Data excerpts:
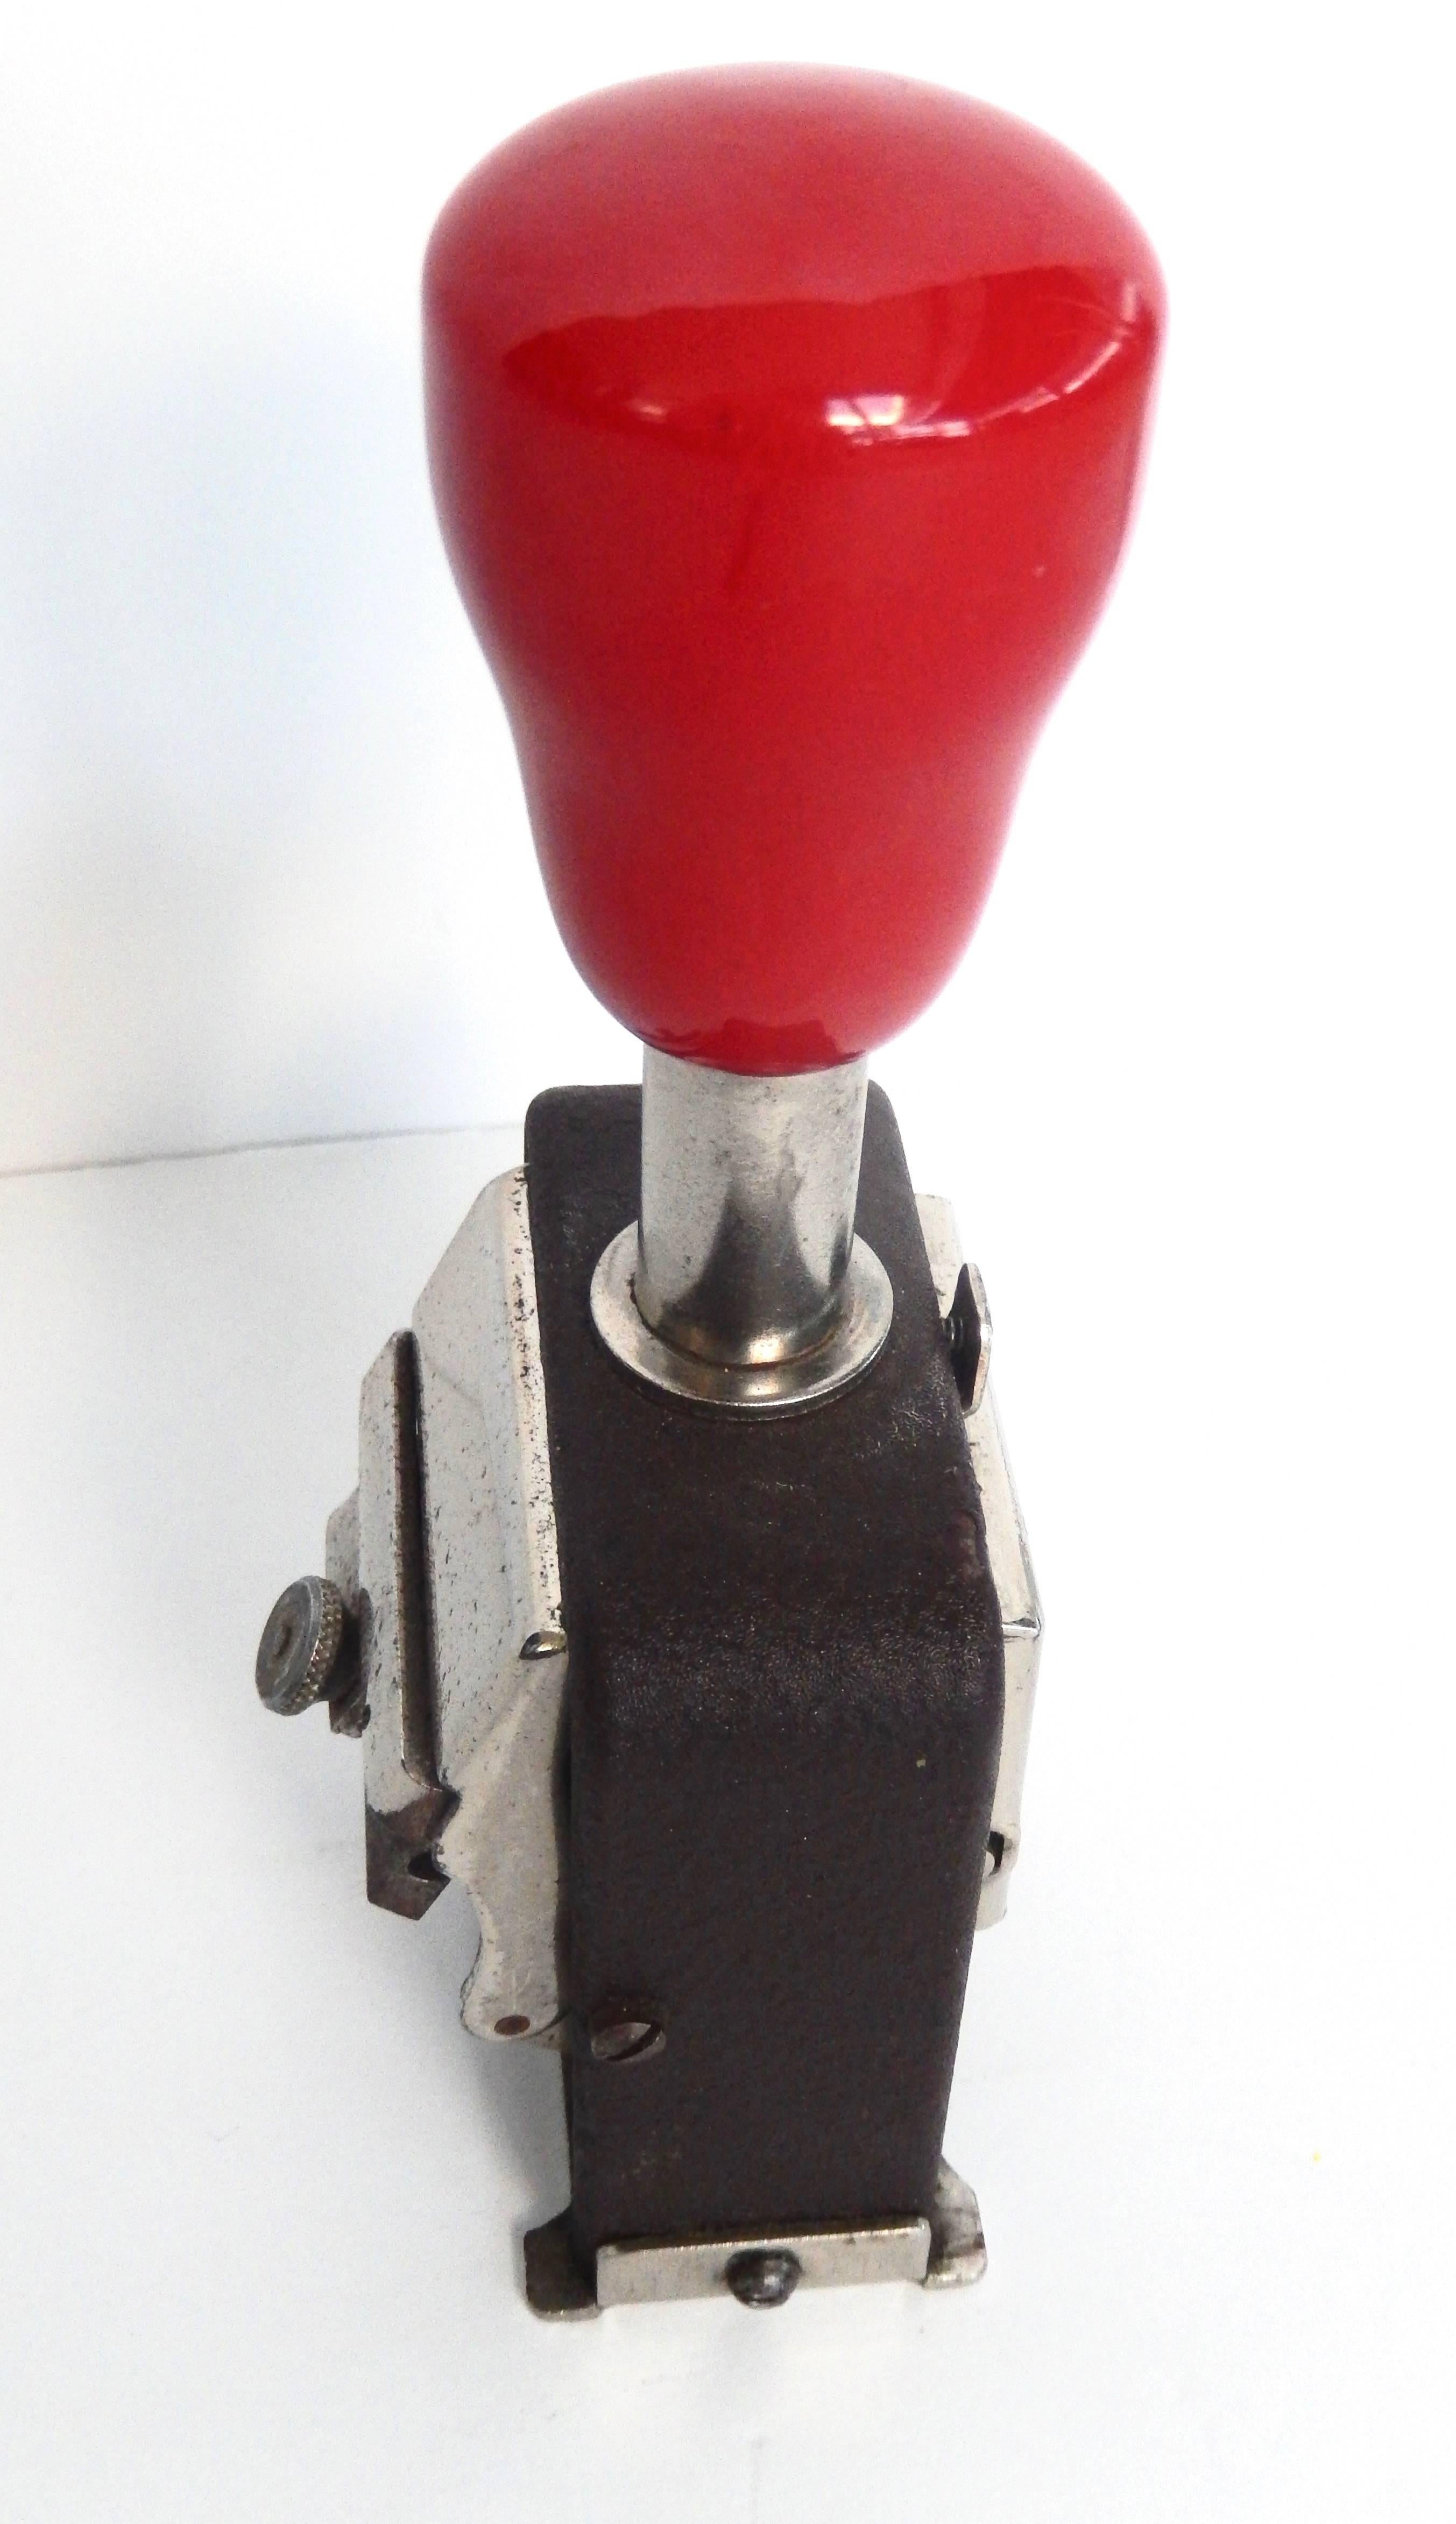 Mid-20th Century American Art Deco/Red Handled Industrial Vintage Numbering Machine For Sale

* * *

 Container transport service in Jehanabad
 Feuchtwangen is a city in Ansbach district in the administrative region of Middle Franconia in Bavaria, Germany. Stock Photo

---

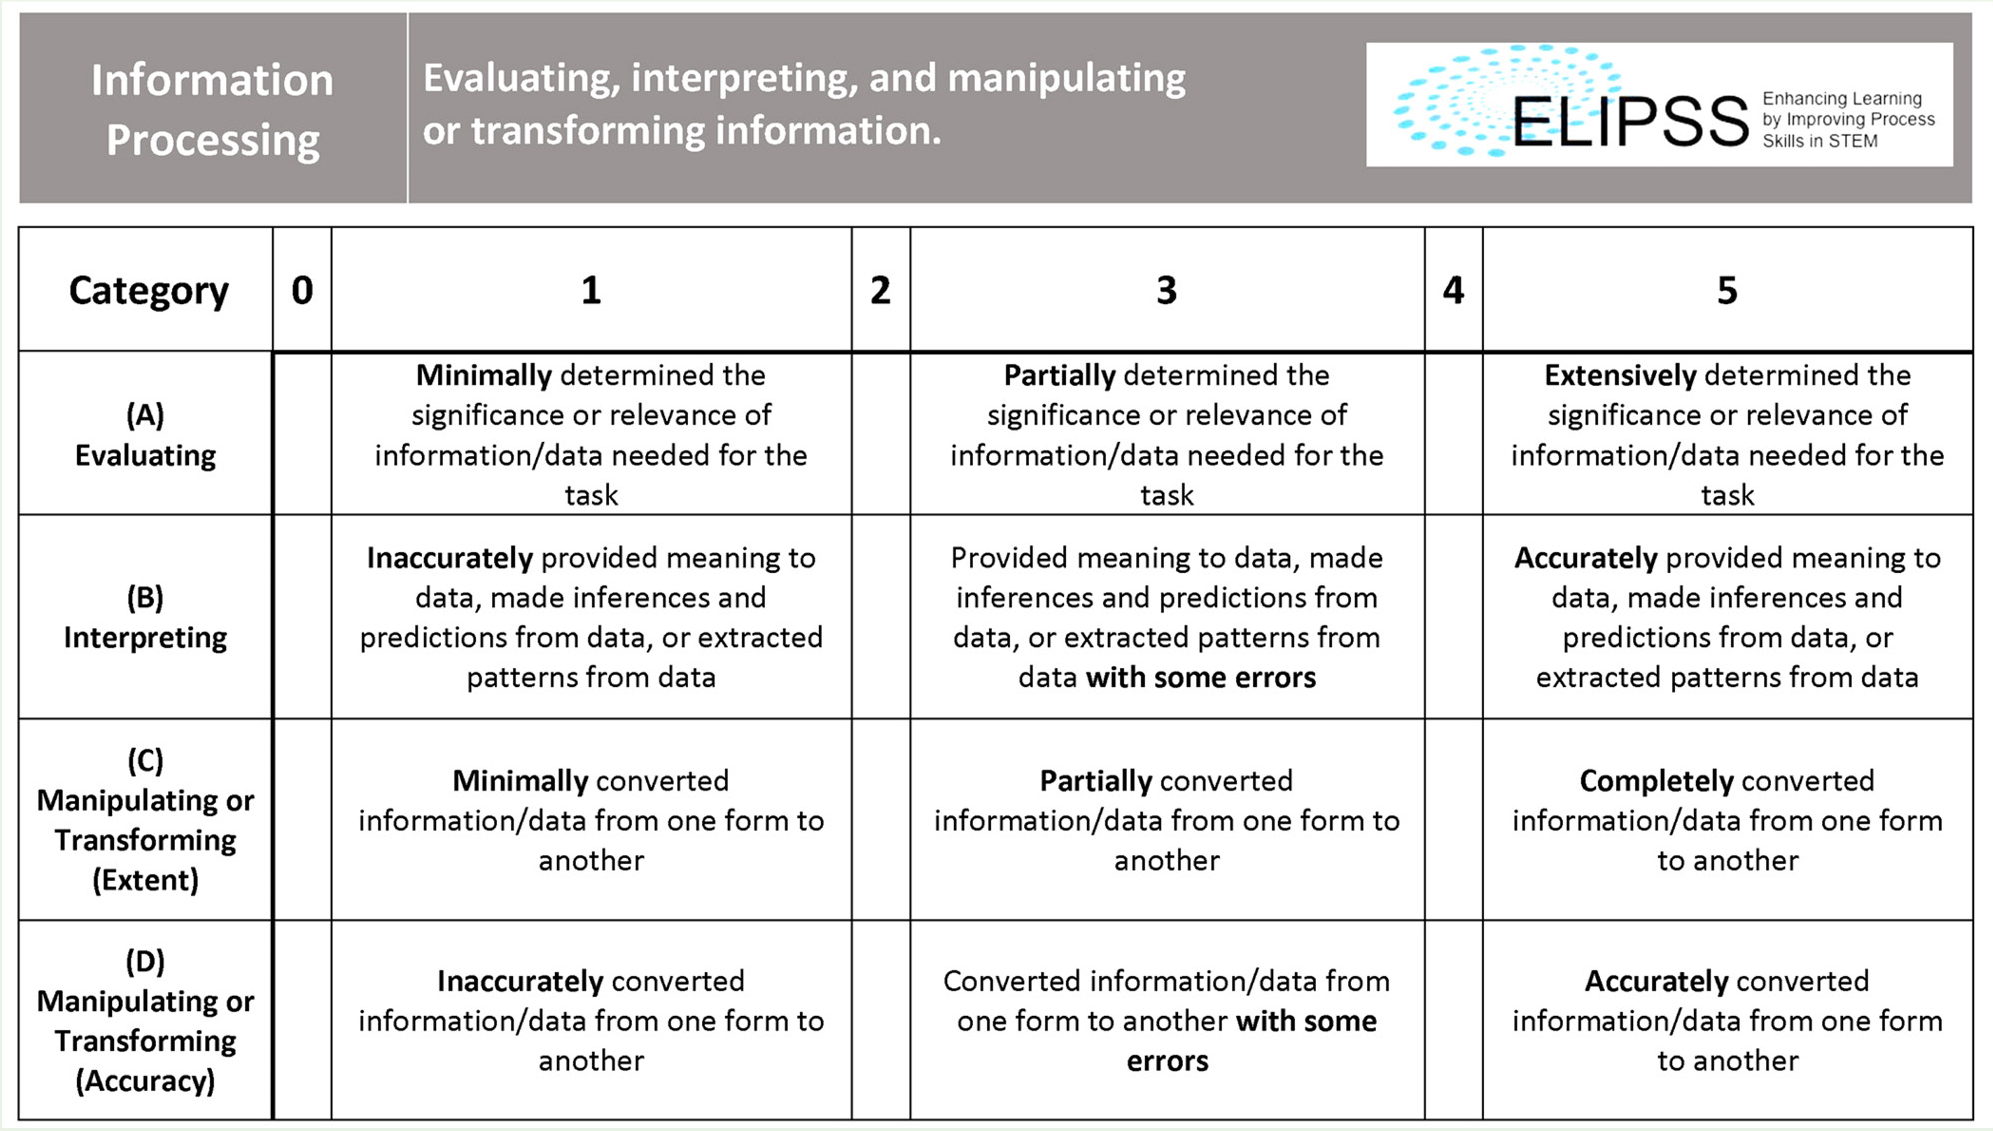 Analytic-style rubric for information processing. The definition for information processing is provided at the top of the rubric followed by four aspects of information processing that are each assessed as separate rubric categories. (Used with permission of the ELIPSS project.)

Action item: Leave out every line above except those from the line with "Container transport service in Jehanabad" up to and including the line with "Feuchtwangen is a", and copy those exactly.

Output of the task:
 Container transport service in Jehanabad
 Feuchtwangen is a city in Ansbach district in the administrative region of Middle Franconia in Bavaria, Germany. Stock Photo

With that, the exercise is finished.